SU-E-J-106 (Sunday, July 12, 2015) 3:00 PM - 6:00 PM Room: Exhibit Hall


Purpose: The knowledge of dose accumulation in the patient tissues in radiotherapy helps in determining the treatment outcomes. This project aims at providing a workflow to map cumulative doses that takes into account interfraction organ motion without the need for manual re-contouring.

Methods: Five prostate cancer patients were studied. Each patient had a planning CT (pCT) and 5 to 13 CBCT scans. On each series, a physician contoured the prostate, rectum, bladder, seminal vesicles and the intestine. First, a deformable image registration (DIR) of the pCTs onto the daily CBCTs yielded registered CTs (rCT). This rCT combined the accurate CT numbers of the pCT with the daily anatomy of the CBCT. Second, the original plans (220 cGy per fraction for 25 fractions) were copied on the rCT for dose re-calculation. Third, the DIR software Elastix was used to find the inverse transform from the rCT to the pCT. This transformation was then applied to the rCT dose grid to map the dose voxels back to their pCT location. Finally, the sum of these deformed dose grids for each patient was applied on the pCT to calculate the actual dose delivered to organs.

Results: The discrepancy between the planned D98 and D2 and these indices re-calculated on the rCT, are, on average, of -1 ± 1 cGy and 1 ± 2 cGy per fraction, respectively.
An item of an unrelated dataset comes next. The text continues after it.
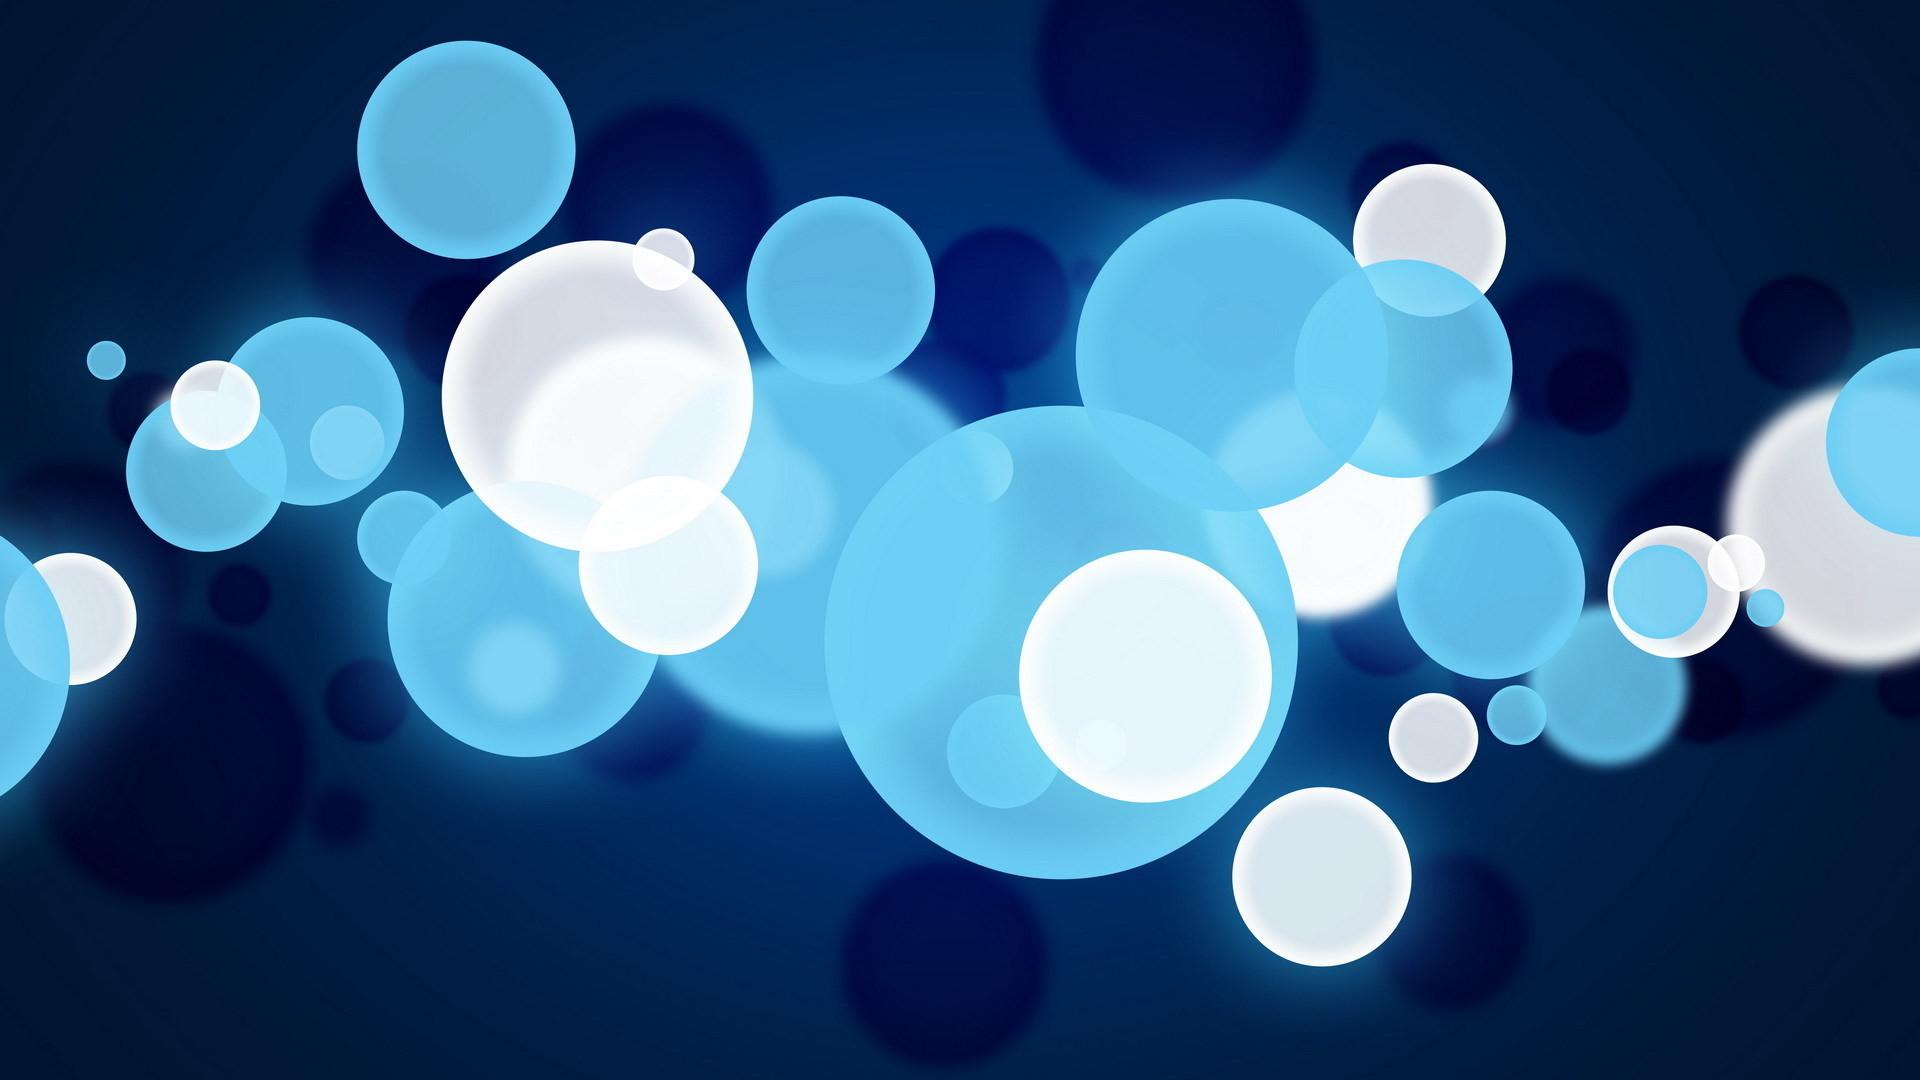 1920x1080 Pattern Light Blue White Wallpaper Download 2560x1440 Standard
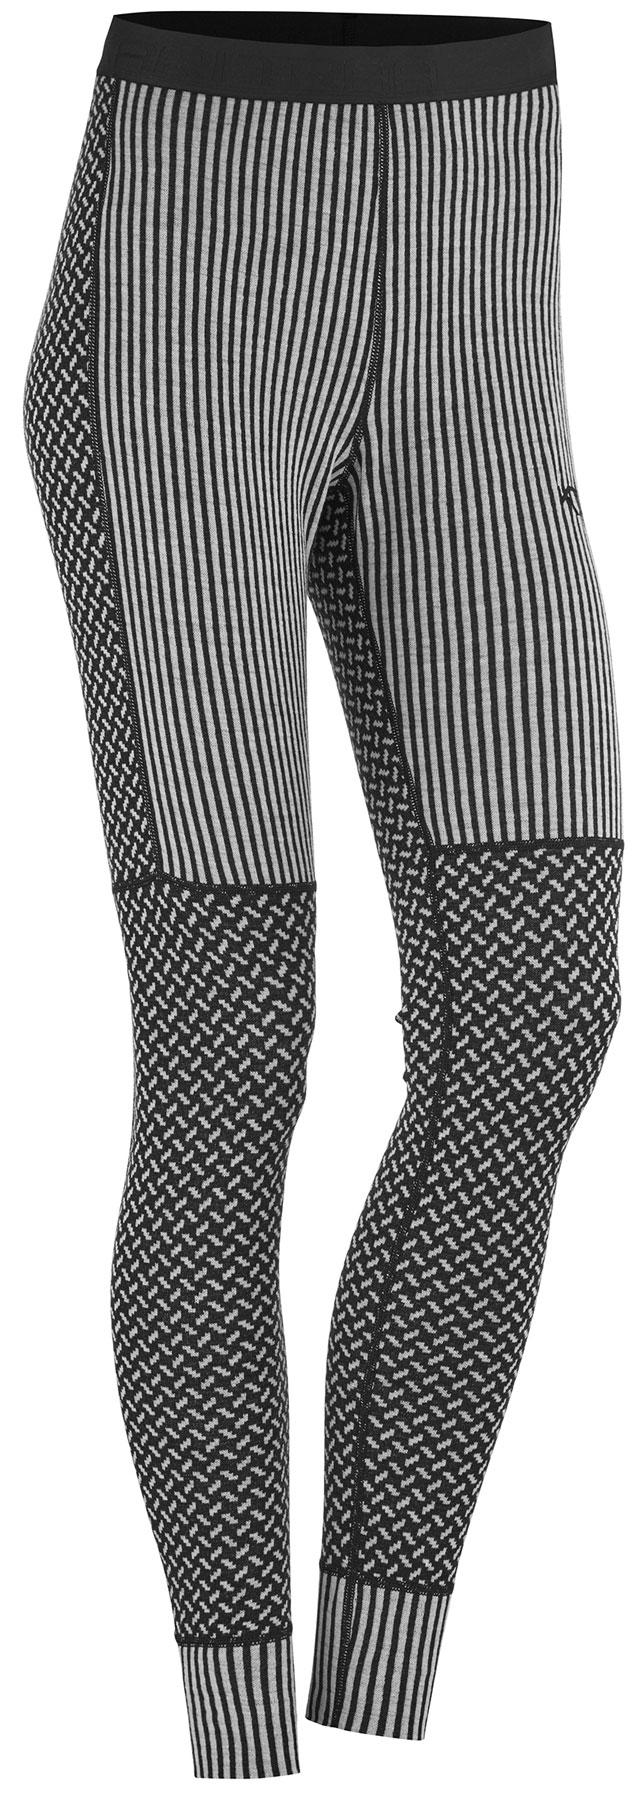 Kari Traa Smekker Women's Baselayer Pant - black

For fractions with large anatomical motion, the D98 discrepancy on the re-calculated dose grid mapped onto the pCT can raise to -17 ± 4 cGy. The obtained cumulative dose distributions illustrate the same behavior.

Conclusion: This approach allowed the evaluation of cumulative doses to organs with the help of uncontoured daily CBCT scans. With this workflow, the easy evaluation of doses delivered for EBRT treatments could ultimately lead to a better follow-up of prostate cancer patients.